When using wr.s3.to_parquet
I can construct a path with a Formatted string literal and have existing folders using the pattern.
def SaveInS3_test(Ticker, Granularity, Bucket, df, keyPrefix=""):
year, month, day = datetime.utcnow().strftime("%Y/%m/%d/%H").split("/")[0:3]
path = (
f"s3://{Bucket}/{keyPrefix}{year}/{month}/{day}/{Ticker}/{Granularity}.parquet"
)
print(path)
wr.s3.to_parquet(df, path, index=True, dataset=True, mode="append")
df=pd.DataFrame({'col': [1, 2, 3]})
SaveInS3_test("GBP", "H1","my_bucket", df, keyPrefix="Test/")
The path would then be something like this:
s3://my_bucket/Test/2022/08/06/GBP/H1.parquet
I would like to use the Athena/Glue database functionality of wrangler as follows (this works):
wr.s3.to_parquet(
df=df,
path=f's3://my_bucket',
dataset=True,
database='default', # Athena/Glue database
table='my_table') # Athena/Glue table
Can I use my F-string approach to path structure in some way with this database functionality?:
s3://my_bucket/Test/2022/08/06/GBP/H1.parquet
I'm not sure how I would use partitions or similar to do this.
Any attempts I make to use a path return an InvalidArgumentValue
as it does not match the existing Glue catalog table path.
CodePudding user response:
Solution
def save_in_s3(df, ticker, granularity, bucket, prefix):
dt = datetime.utcnow()
# Important! Create new partition cols
df = df.assign(**{
'ticker': ticker, 'granularity': granularity,
'year': dt.year, 'month': dt.month, 'day': dt.day
})
# Write to s3
wr.s3.to_parquet(
df,
path=f's3://{bucket}/{prefix}',
table='table_name',
database='database_name',
index=False,
dataset=True,
partition_cols=['year', 'month', 'day', 'ticker', 'granularity']
)
Worked out example
Let's assume we call the function on two different dates with different args:
# Called on 2022-08-06
save_in_s3(df, ticker='GBP', granularity='H1', bucket='my_bucket', prefix='my_folder')
# Called on 2022-08-07
save_in_s3(df, ticker='INR', granularity='H2', bucket='my_bucket', prefix='my_folder')

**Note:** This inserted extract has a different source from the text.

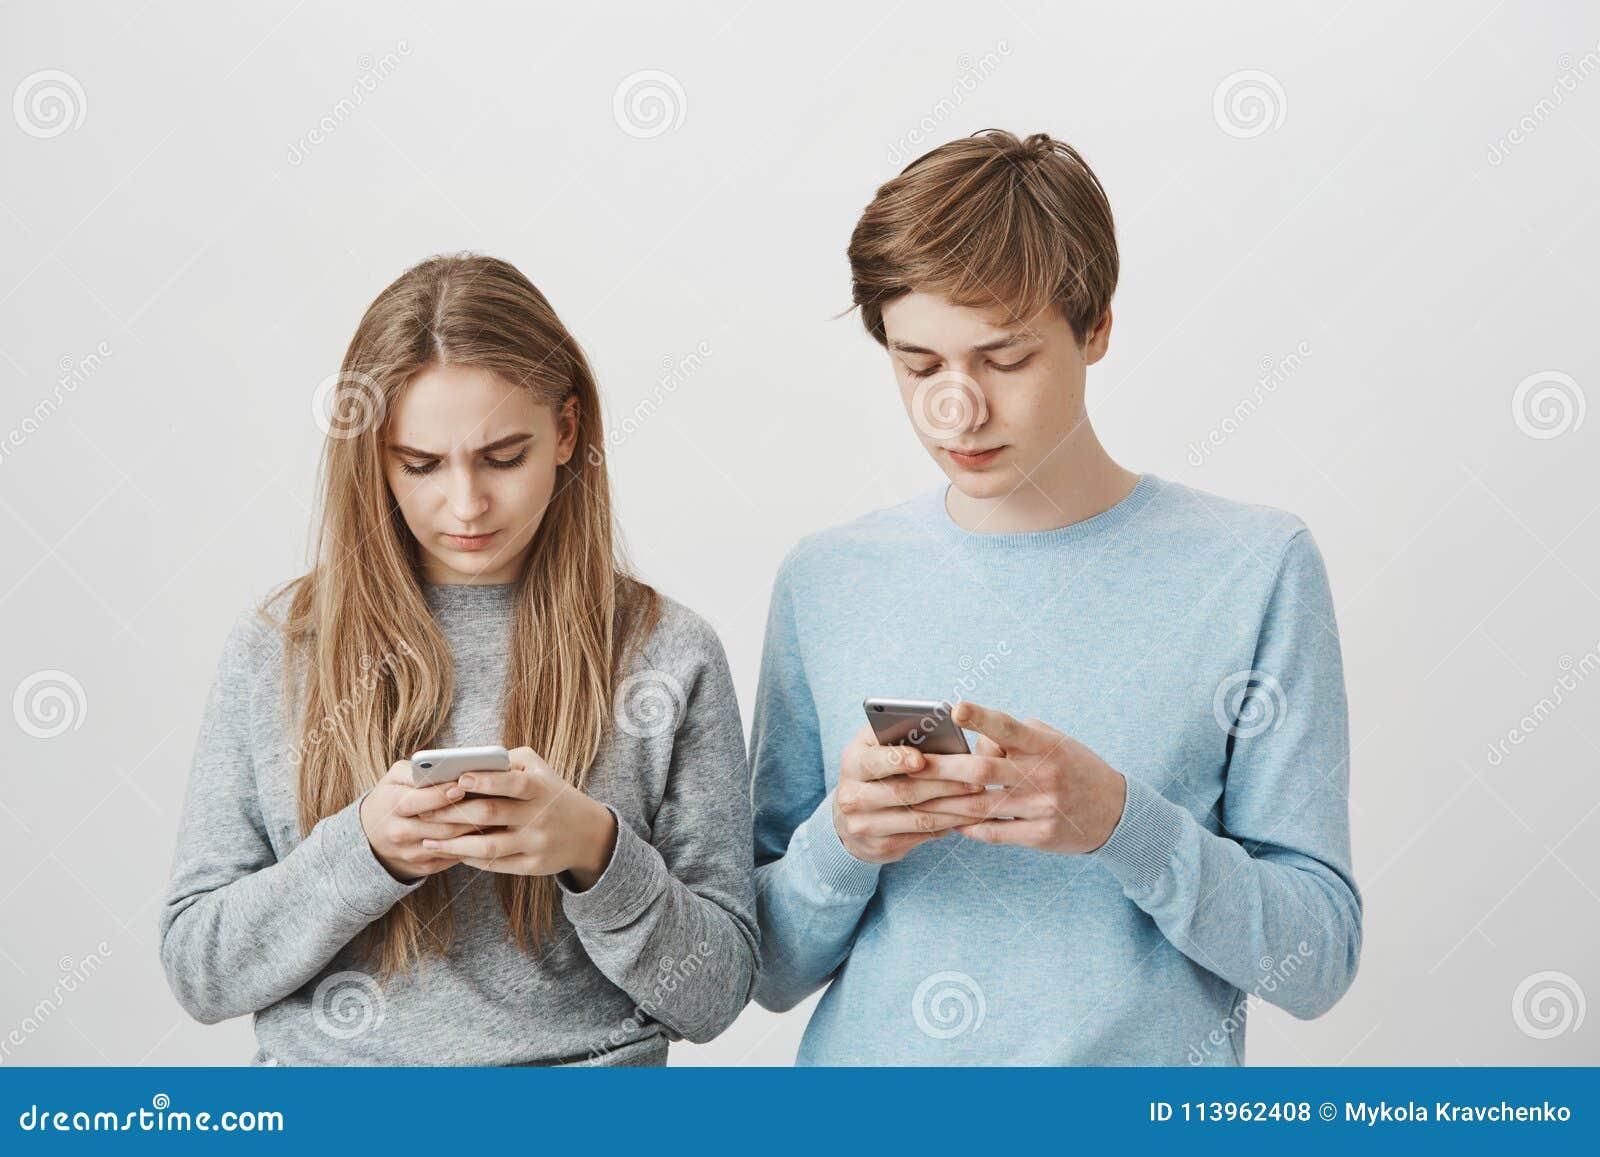 Syskon som spelar leken på smartphones som utmanar med de Studioskott av den fokuserade snygga kvinnan och mannen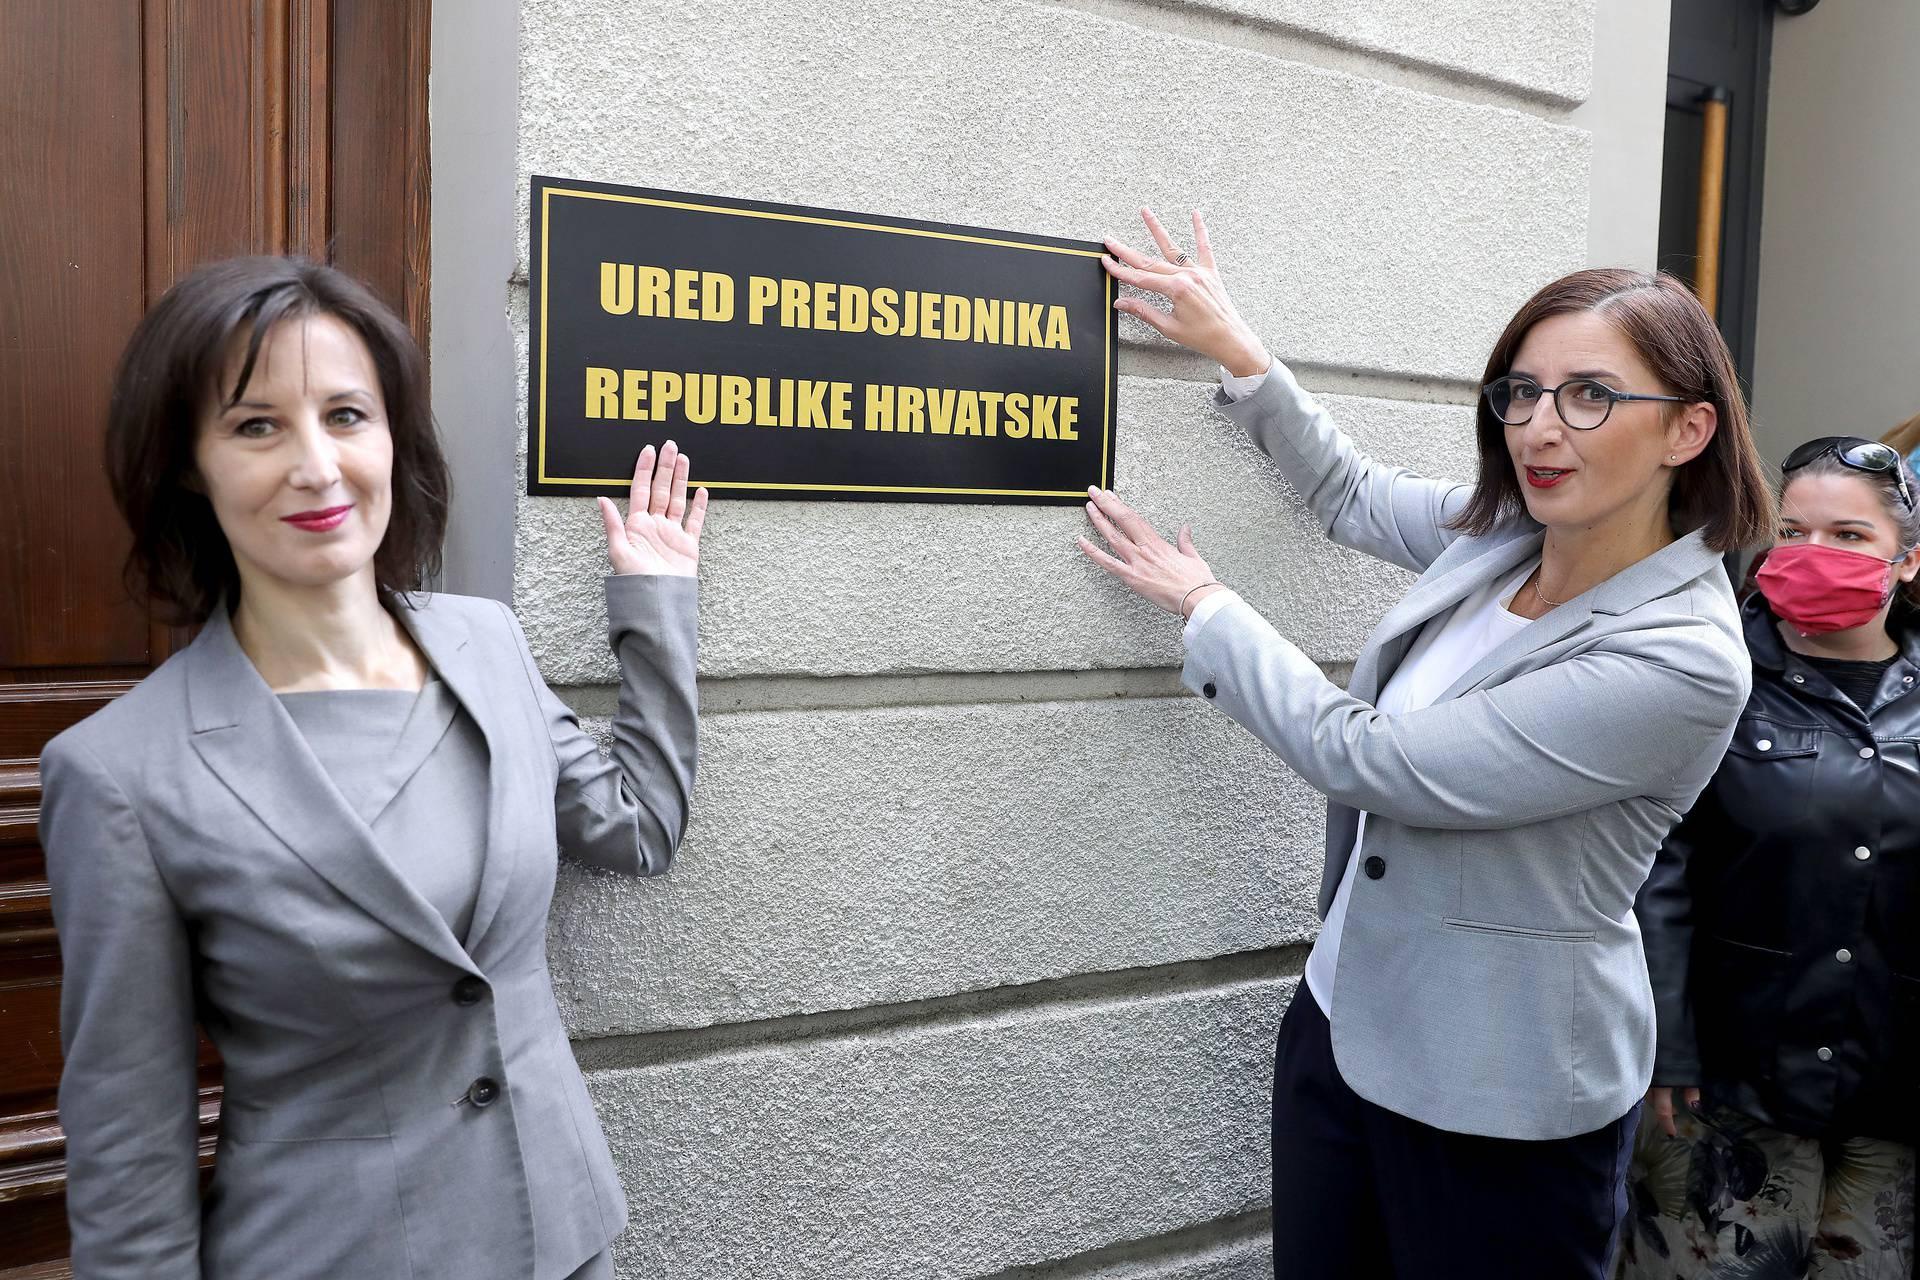 """Orešković i Puljak na zgradu Kovačevićevog kluba stavile tablu """"Ured predsjednika RH"""""""

Now, assuming you already have the database created in the glue, the above function calls will output the following files in s3:
s3://my_bucket/my_folder/year=2022/month=8/day=6/ticker=GBP/granularity=H1/*.parquet
s3://my_bucket/my_folder/year=2022/month=8/day=7/ticker=INR/granularity=H2/*.parquet
The corresponding athena table will have the following partitions:
SHOW PARTITIONS "database_name"."table_name";
-- year=2022/month=8/day=6/ticker=GBP/granularity=H1
-- year=2022/month=8/day=7/ticker=INR/granularity=H2
Essentially the partitions and s3 folder structure will be automatically created by wrangler for you.